White Bread.

BDU pants.

Check.

Freshly pressed random EMS shirt.

Check. Check.

Extremely eager and geeky EMT.

Triple check, baby.

Yes, folks, that's me. I've been reduced to being "that chick". That EMT. That person who is entirely too excited to be one of us on the job. The one that everyone is annoyed by. The one who is too green to be burned out, the one who lives for the tones to drop, the one you HATE.

At least I recognize it in myself. That's got to count for something, right?

I'm with that friend, the one I mentioned from basic school. The one who hates bugs but doesn't want anyone to know about it (sorry dear, had to say it! Payback is a bitch!) The one who refuses to be photographed unless he is covered in blood. The one who's ass I'm going to kick the next time I play in euchre and the one who is pissing himself right now at the prospect of being revealed by name. It's okay hon, all evidence of your existence has been removed from this blog.

For my part, I've been reduced to the position of observer. Third rider. As in, sure, check out the craziness that is the Detroit Metro area, but don't you dare touch a patient.

Okay then, fair enough. Hell I'm willing to scrub your toilets if you give me a job. Is it okay if I still wear some pretty purple gloves?

I'm assured it's more than okay. And oh, by the way, you're going to need to throw this on.

Fantastic. At least my boobs look like Pamela Anderson's. Mental note: If I get hired, I need to find one in an adult size. Or not, if there are boys in flight suits or turnout gear nearby. Hopefully I won't have to breathe.

Those of you who really know me know that I'm as white bread as they come.

I didn't get shot at, no one swung at me (hell, Ann Arbor's got ya beat there), but it was eye opening.

Inner city in NW Ohio does not equate to inner city in fucking Detroit.

For now, I'm going to bed.

More tomorrow including a routine dialysis transfer that was extremely routine, a trip to a prison that was anything but routine, what in the hell was he doing in a bar anyway, and bugs bugs and more bugs.

Yeah, I know, exciting. I know. /end sarcasm.

7 comments:

EE said...

"That person who is entirely too excited to be one of us on the job. The one that everyone is annoyed by. The one who is too green to be burned out, the one who lives for the tones to drop, the one you HATE."

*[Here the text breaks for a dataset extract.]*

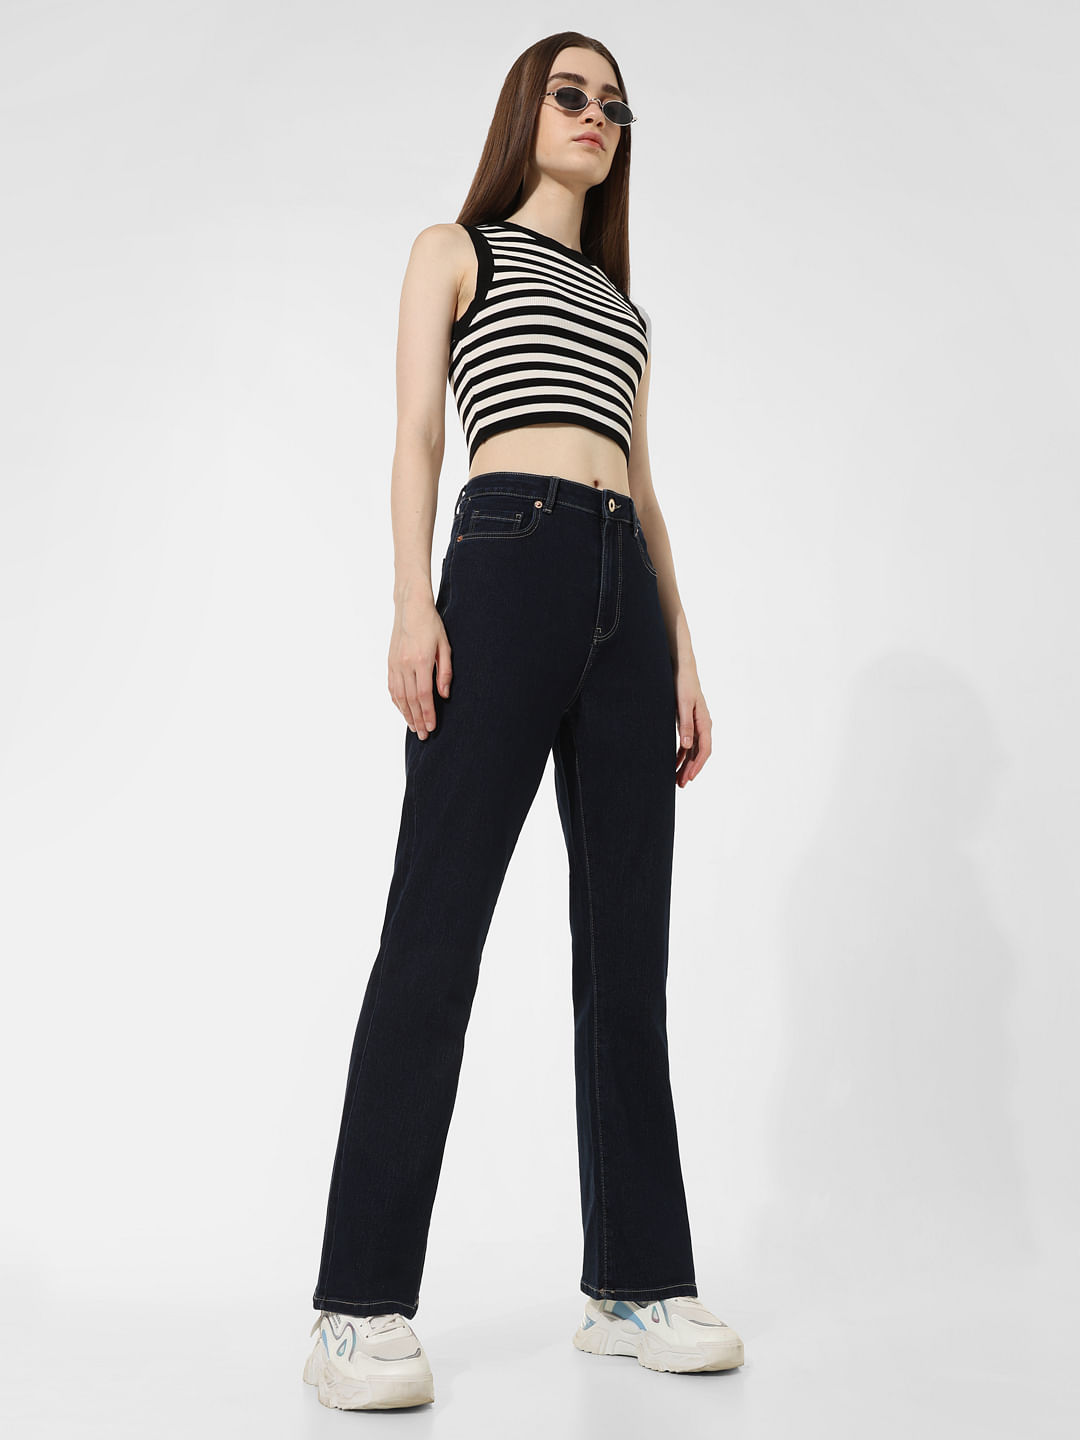 Buy Beige Trousers & Pants for Women by POPWINGS Online | Ajio.com

Naw, I like that person. It's refreshing to see someone enjoy being an EMT. Makes me miss being that person, though. As long as they don't get my ass hurt/killed, I like them.

.. said...

I am waiting on the edge of my seat! No, seriously... I am.

lucy said...

Epi...I was drawn to your blog because of you enthusiasm and because I wanted to know more about a female EMT as that was what my daughter aspires to be.

You have never disappointed me no matter what the topic and you have made me believe that maybe just maybe it will be okay for my baby to be out in THAT world. I am so glad you are excited and are again doing what you love.

Congratulations girl!

Reise said...

I have always wondered what working in inner city detroit would be like, me being from west michigan, i have never ventured out that far. im interested to hear your stories about it!

JS said...

WHo are you riding with? I worked EMS in the city of detroit for years. I even worked for the detroit fire department for a while. Are you riding private or with a fire deprtment? I would love to know which one? Good luck, and its not as bad as everyone says. I did have my ambulance stolen at detroit recieving hospital once! true story. Good luck. JS

Medix311 said...

Good luck to you Epi. Hope that working in the big city is exciting and fun and every it's cracked up to be. By the way, I'm diggin the flack vest. Only thing that would make it better is if it said EMS or MEDIC or something else target inducing.

Be safe.

Doug said...

In the immortal words of Sgt. Esterhaus: Hey! Let's be careful out there.